§ Given information:
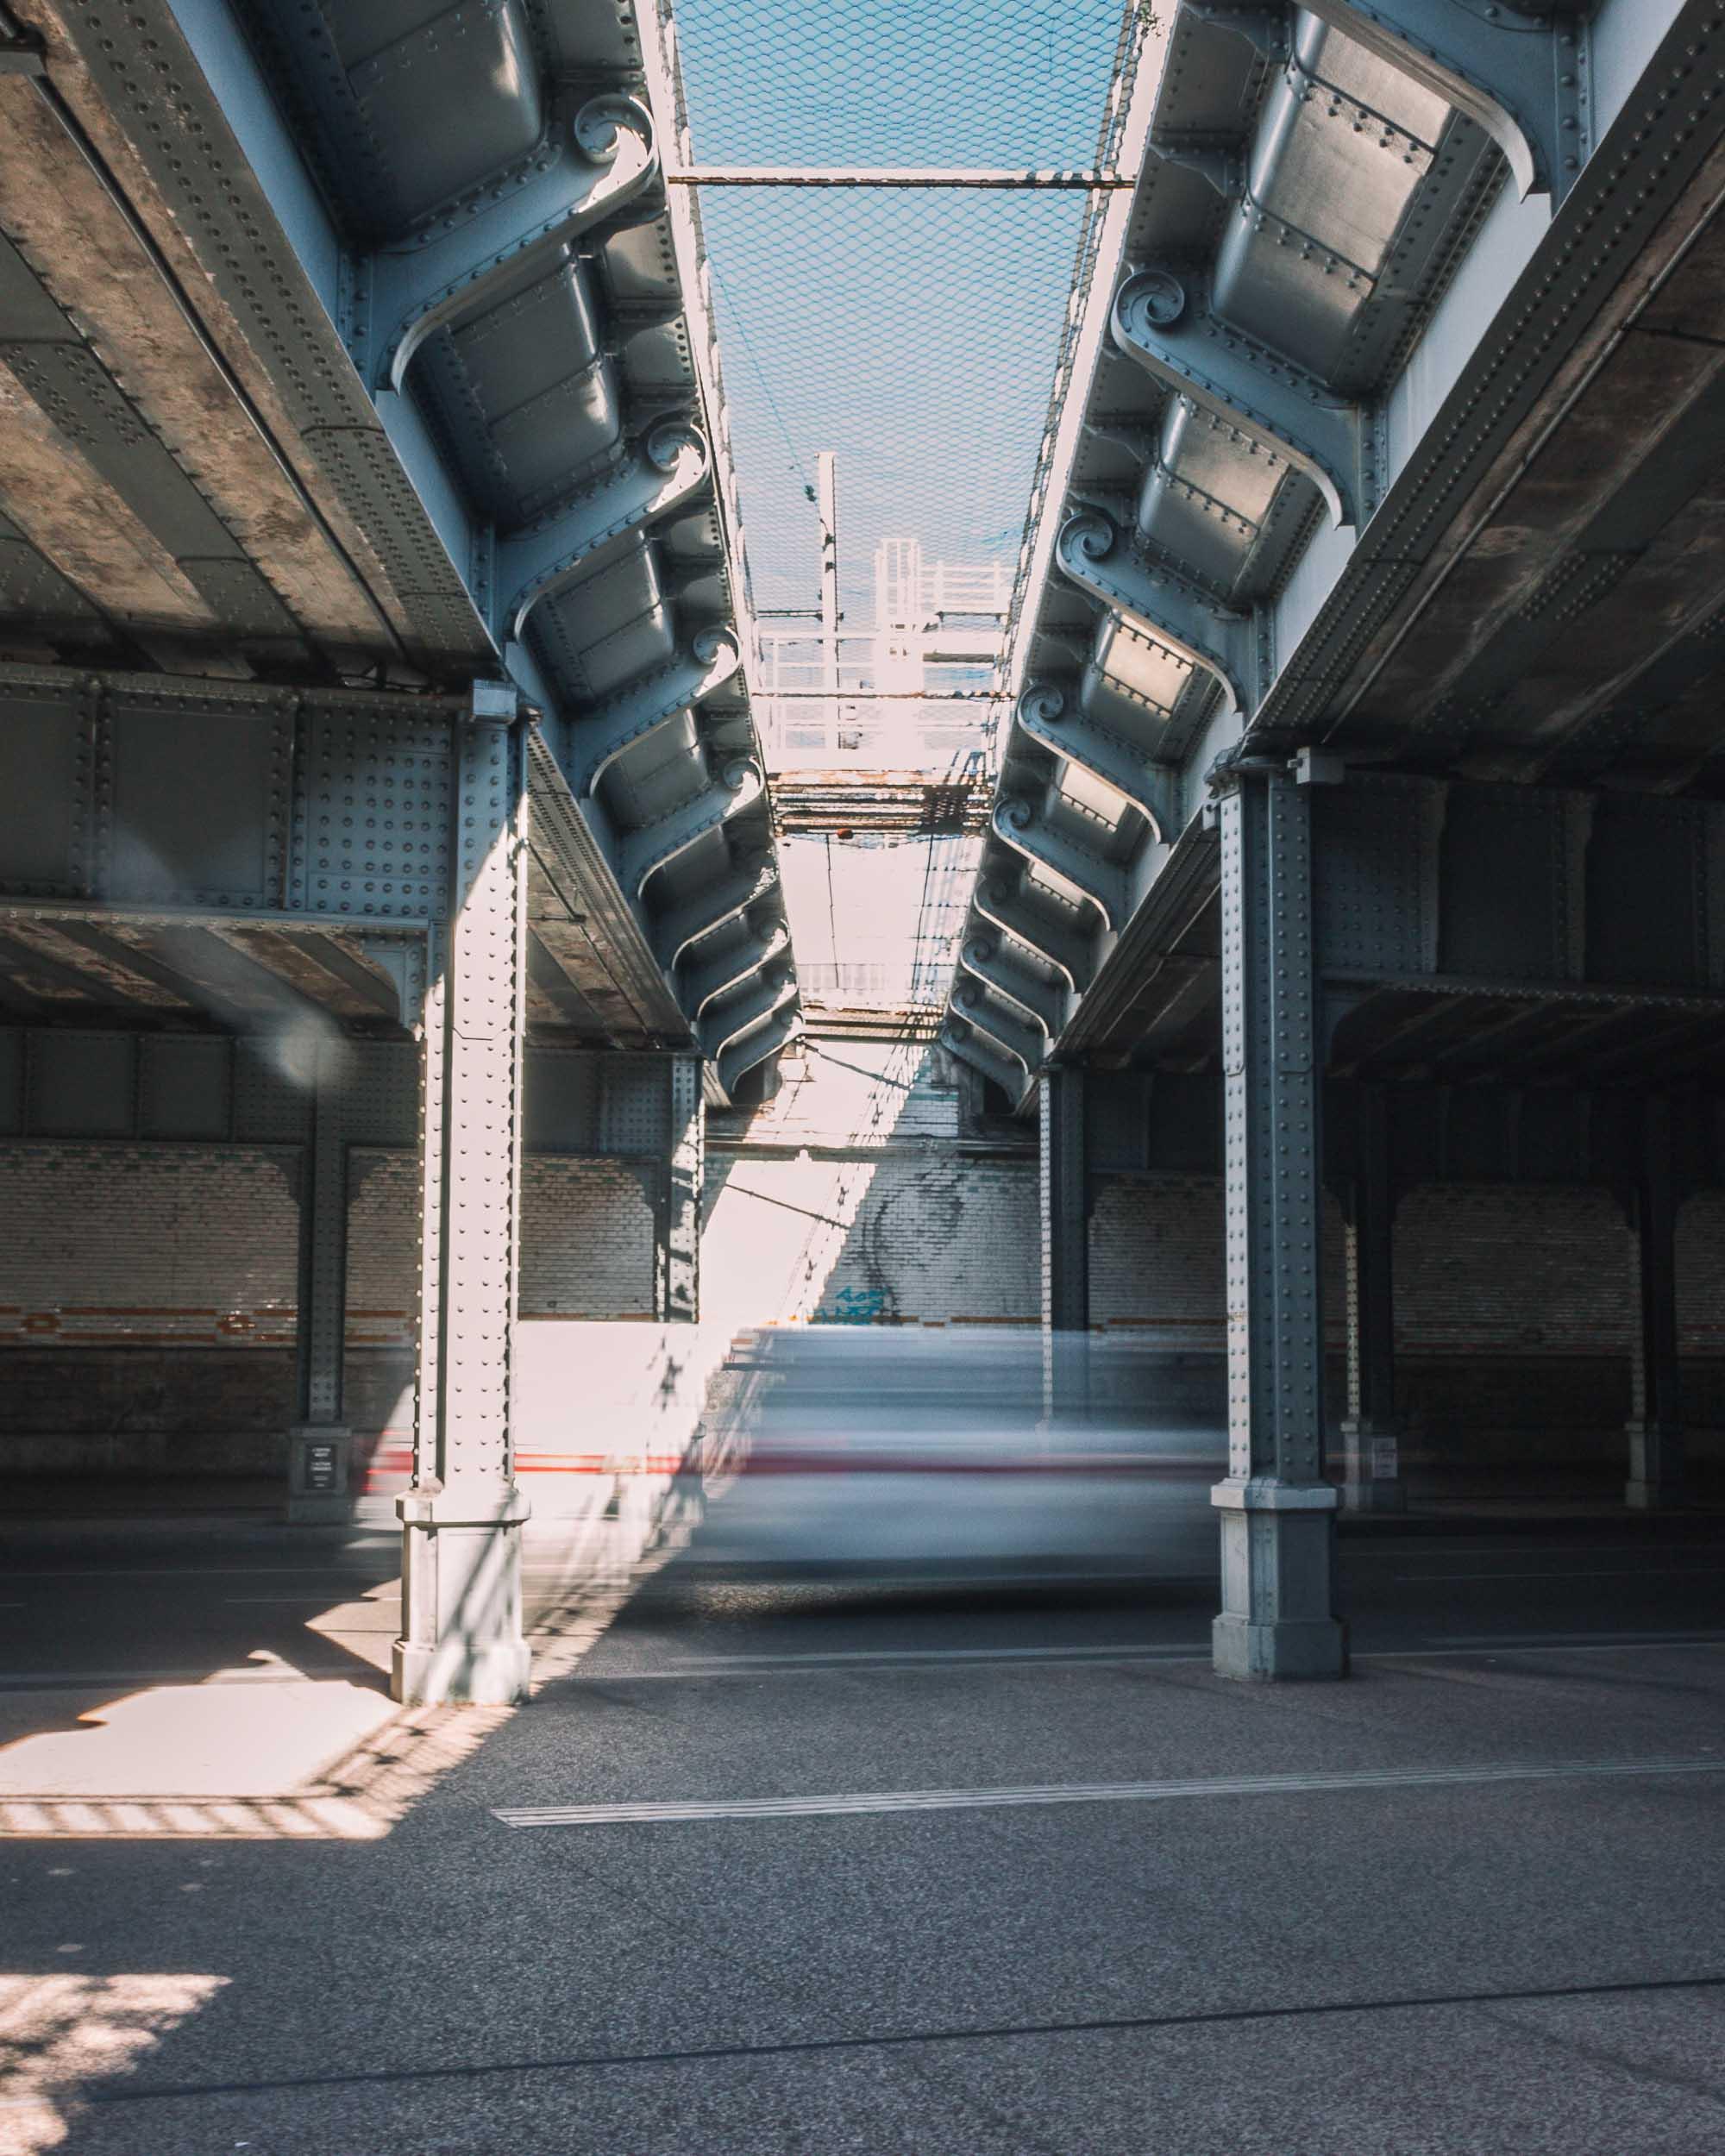 pont-jeanmacé-lyon-gui2raw
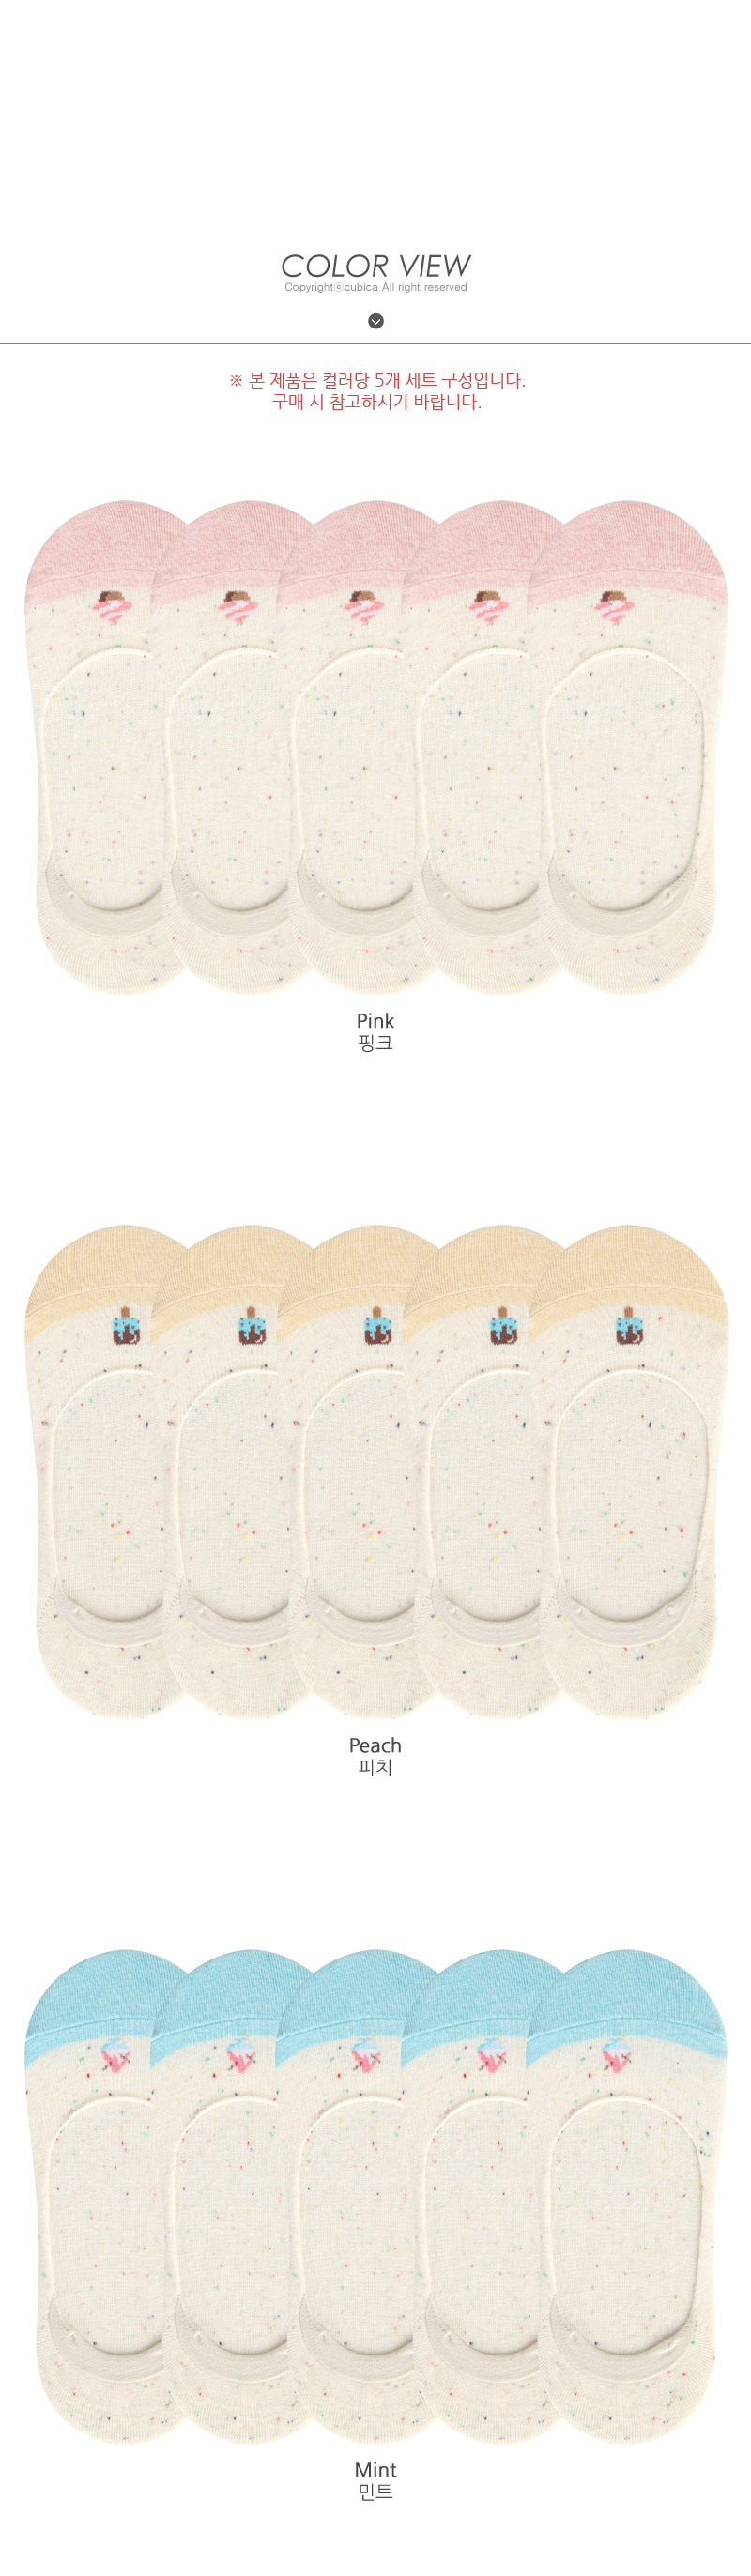 페이크삭스 아이스크림덧신 여성양말5족 F161 - 쿠비카, 9,900원, 남성양말, 페이크삭스
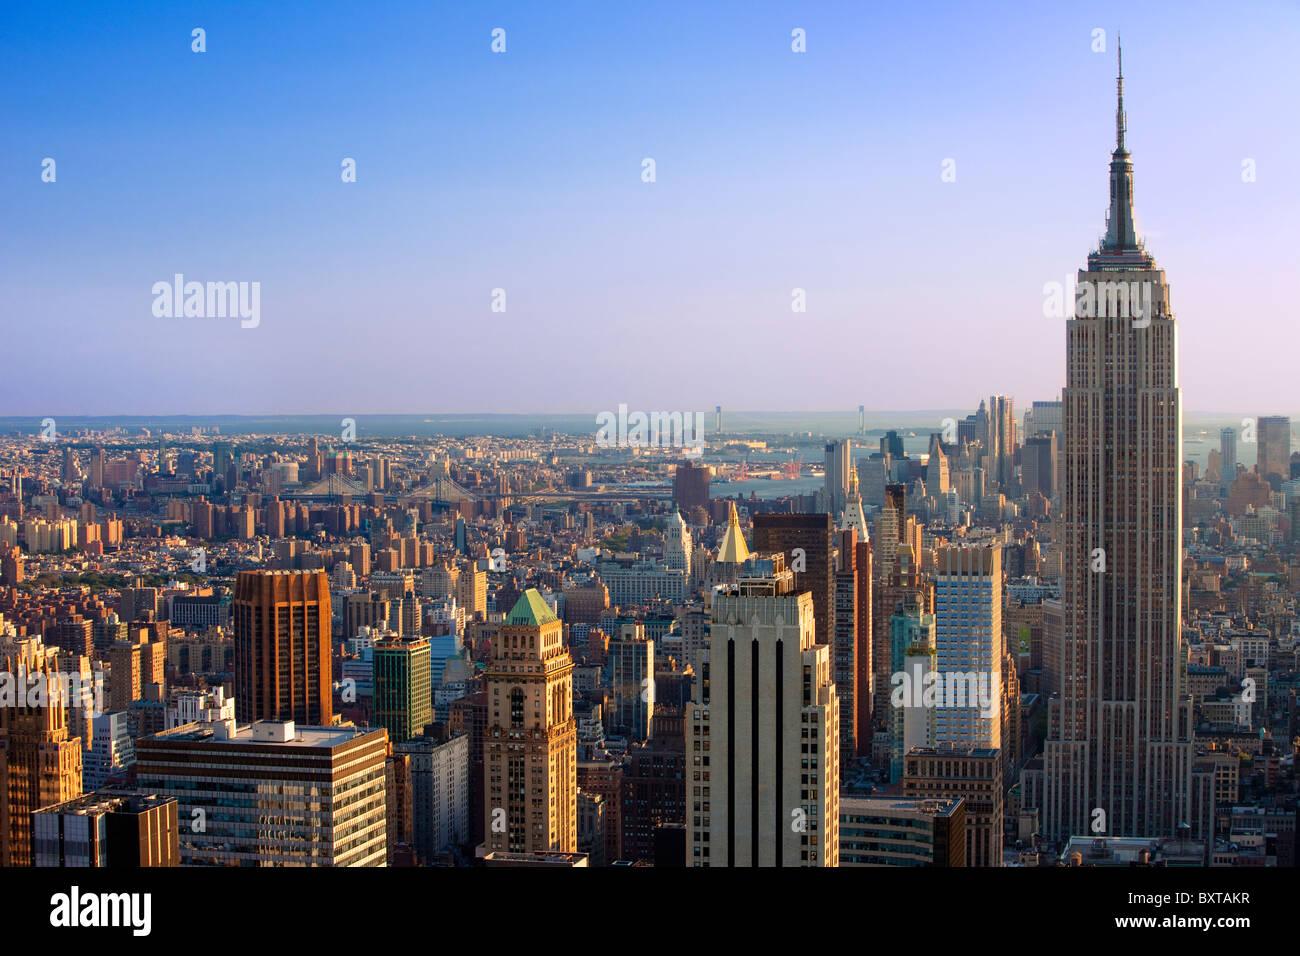 Vista a última hora de la tarde del edificio Empire State y el horizonte de Manhattan, Nueva York, EE.UU Foto de stock

§ What this task involves: Would you please copy the material exactly, leaving all the pictures out?

§ Your response:
 pont-jeanmacé-lyon-gui2raw
 페이크삭스 아이스크림덧신 여성양말5족 F161 - 쿠비카, 9,900원, 남성양말, 페이크삭스
 Vista a última hora de la tarde del edificio Empire State y el horizonte de Manhattan, Nueva York, EE.UU Foto de stock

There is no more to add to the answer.